Another argument in favour of such 'iconism' (horrid construction, but can't think of a better word) is that these expressions of the avant-garde helps drive the rest of the world forward, opening up popular taste and encouraging the mass-market to experiment and innovate. The paradox is that by setting themselves apart as exclusive bastions of high-design, these developments risk turning 'contemporary' into the new Neo-Georgian, the gated communities of tomorrow that simply switch pilasters for
Priva-lite, and garnering the same
kind of distaste.
So what use is the residential avant-garde? This
extract from Sudjic's
The Edifice Complex: How the Rich and Powerful Shape the World tells the tale of a Frank Gehry commission that never was. The
Peter Lewis House consumed nearly two decades of the architect's time (in pre-Bilbao, pre-interational jetset days), with an ever-expanding program and spiralling budget that 'kept rising from $5m, to $20m, $65m and even $80m'. As this
article in Business Week notes, 'it's hard to know exactly what the Lewis house would have looked like,' but the
models that were presented showed the project as a synthesis of Gehry's formal language to date, the '
fish' in Barcelona, the Pop-juxtaposition of smooth and sculptural forms (first seen in the
Claes Oldenburg/Coosje van Bruggen-adorned offices for
Chiat/Day in LA from 1991)), and the
CATIA-composed cascading metal facades that eventually wound up forming a core part of the architect's current stylistic phase.

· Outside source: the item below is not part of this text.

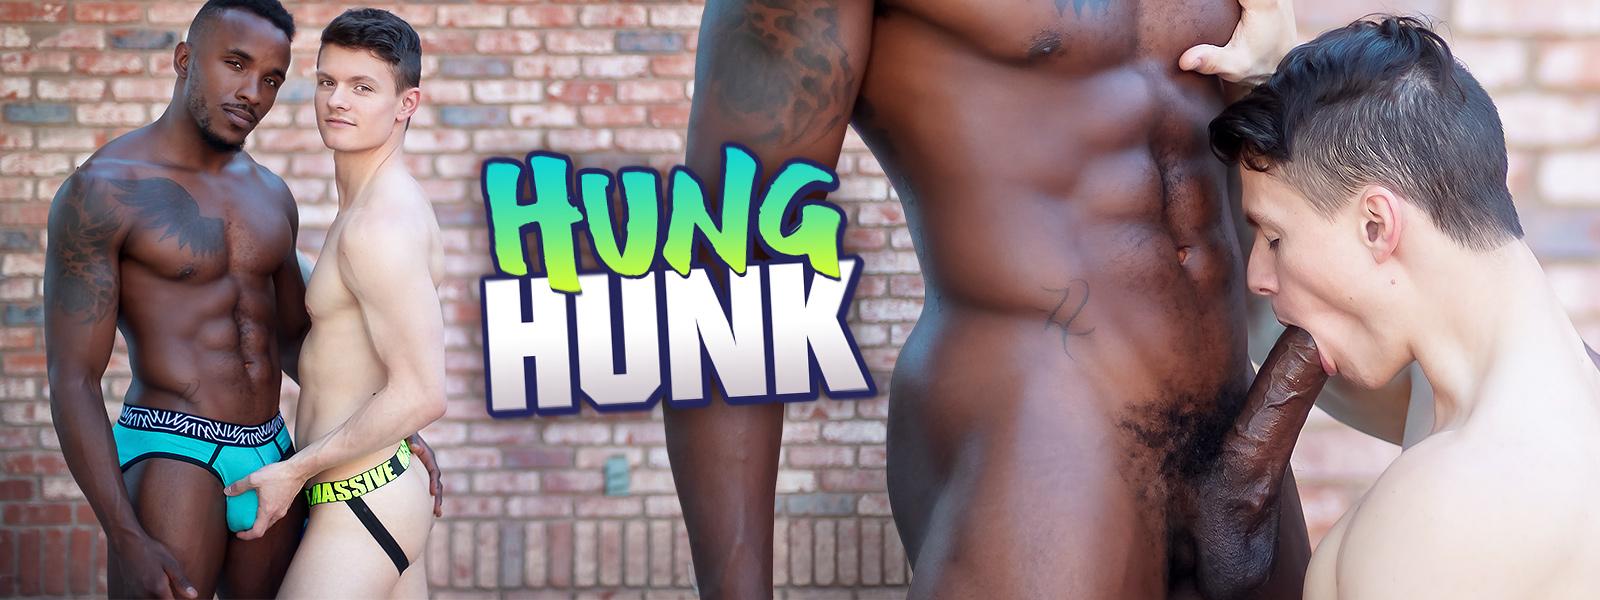 Hung Hunk

Lewis claims, with some justification, that his commission had a major impact on the design for the
Bilbao Guggenheim. Although he might feel the need to justify the cultural contribution made by the 'several million dollars' of fees he paid to Gehry, this claim is far from wishful thinking. Gehry has acknowledged how elements of the residential design made it into the conference room of the
DG Bank in Berlin, for example, and those hefty fees effectively made Lewis the architect's patron during a lean period. More importantly, their relationship also resulted in the
Peter B.Lewis Building at the
Weatherhead School of Management in Cleveland, Ohio (2002), so the Lewis House, for all its modernist McMansion pretensions ('a 10-car gallery... storage for his art collection... space for a director... a curator... a library... escape tunnels', etc.) was a giant sketch, a way for Gehry to hone and resolve an aesthetic that has subsequently become famous the world over.

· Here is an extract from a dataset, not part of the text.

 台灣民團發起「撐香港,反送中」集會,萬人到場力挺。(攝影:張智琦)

Nonetheless, Sudjic's book is ultimately down on the Lewis House, deeming it the manifestations of a control-freak personality, stating that 'this is the world as I want it. This is the perfect room to run a state, a business empire, a city, a family.' In his
Times review of
The Edifice Complex (entitled 'Are architects venal, vacuous and ego-driven?'),
Jonathan Meades (linked via
Veritas et Venustas) describes the book as 'a work of damning apostasy', concluding that the rich and powerful's desire for a built legacy will continue to appeal to architects' vanity over their better judgement. The new 'iconic estates' do little more than allow the privileged to buy into the ongoing illusion of modern architecture as power and taste.

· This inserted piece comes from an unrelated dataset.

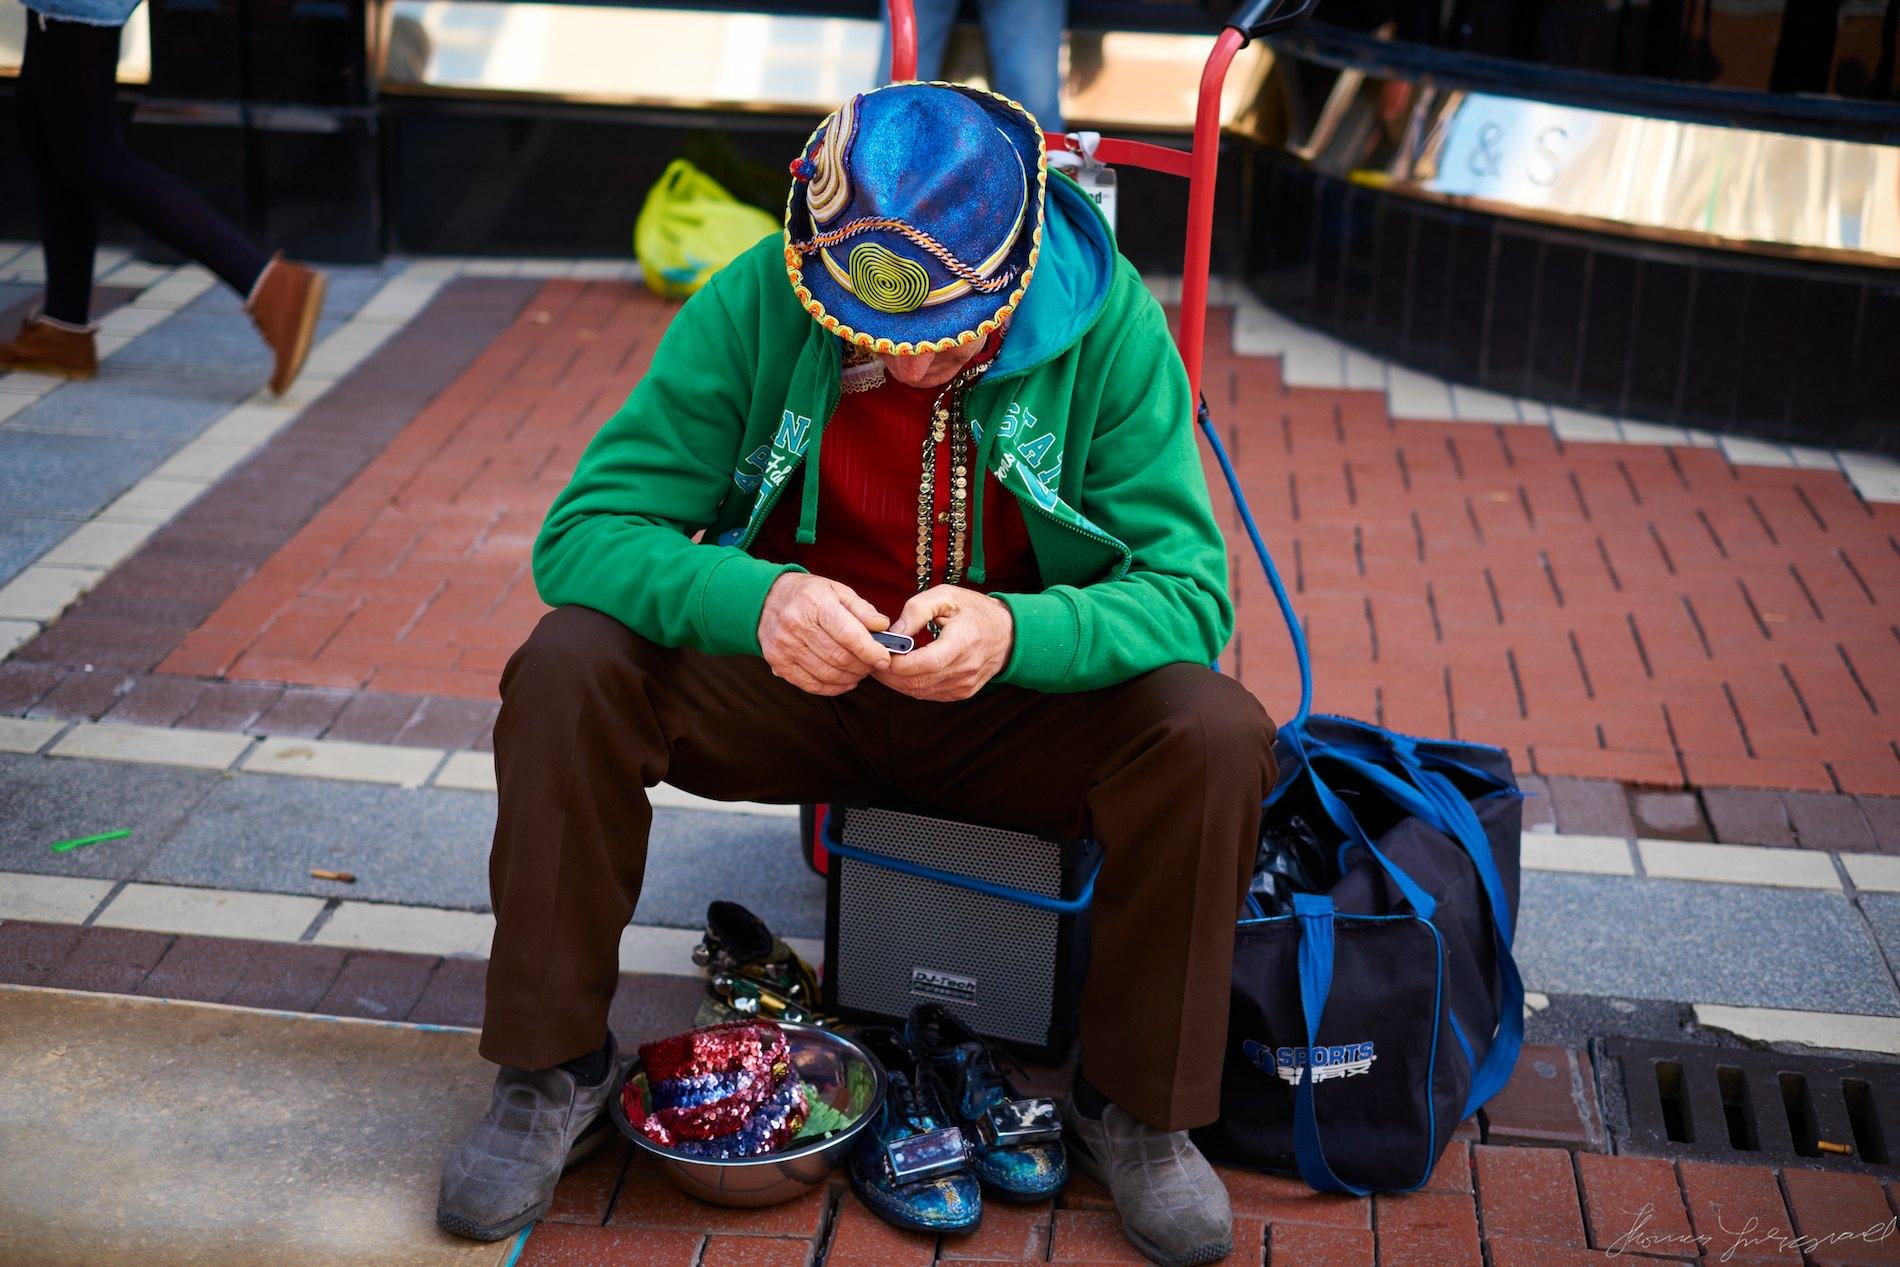 Street busker on smartphone

*Other things. Town planning:
How Boston got messed up (via
Sachs), a hugely depressing collection of before-and-after images of the effects of
Urban Renewal on the city of Boston, focusing on
City Hall Plaza. The
City Hall is an undeniably imposing building, designed by
Kallmann, McKinnell and Knowles, but will forever be tainted by its association with the Boston Redevelopment Agency's clearances policy. Many photos at the
Boston History Society's site. From the original Cyburbia link: 'The people in the community never knew what hit them. All of a sudden, they found themselves living in the suburbs. Where there kids had played yuppies now walked their dogs. When they went back to see the place where their childhood home had stood, they couldn't find it. The very streets had disappeared.'
More disappearing streets at
The Great Cleveland Flood, a fantasy gallery /
The Devil's Web Gallery, sexploitation posters (via
Sachs, via
Screenhead) /
Stunned, a weblog /
The spectacularly obtuse blog / three
really rather beautiful photos of
Anthony Gormley's new installation,
Another Place, at
Chromasia. A
recent Guardian profile of the artist.
The
Model 914 PC Bot from
White Box Robotics. These appear to be mobile cases for high-end PCs, and little more / loud sizzling: the
Einstuerzende Neuekuechen is an online cook book created by fans of
Einsturzende Neubauten / on the
new poem from Sappho, by
Texts and Pretexts /
New York Dog magazine. My guess is that
this isn't real, but apologies if it is.
Regntid, '
A place where it rains, but not on you', your own personal (malfunctioning) rain cloud (via
plasticbag). Reminds us of
Rob McKenna (taken from this stunningly detailed Wikipedia page entitled
Minor characters from The Hitchhiker's Guide to the Galaxy), a 'Rain God who is cherished by the clouds'. His sad and soggy story appears in Chapter 2 of
So Long, and Thanks for All the Fish.
A telling comment on
London's multi-culturalism. Related,
I wasn't there, I was nowhere near is a good perspective on the tube bombs from
little.red.boat: 'If you were nowhere near, and you're ok, marvel in that fact. Not in the fact that if you had left the house two hours earlier and taken a completely non-sensical route, it might have been you, or if you happened to be somewhere you were never likely to be, it could have been you.'
posted by things at 08:50
Tuesday, July 12, 2005
The
set of photos at top right this month are all taken from the remarkable
Central Building at BMW's
Leipzig Plant, designed by
Zaha Hadid. When we visited, the attached factory (true to its name, the Hadid building is sandwiched between several vast industrial structures) had just started churning out a limited number of
3-Series BMWs, before production began in earnest. As a result, Hadid's
coup de theatre, the
overhead conveyor belts, were rather empty - they take finished bodyshells from assembly through to the paint shop, via a storage facility.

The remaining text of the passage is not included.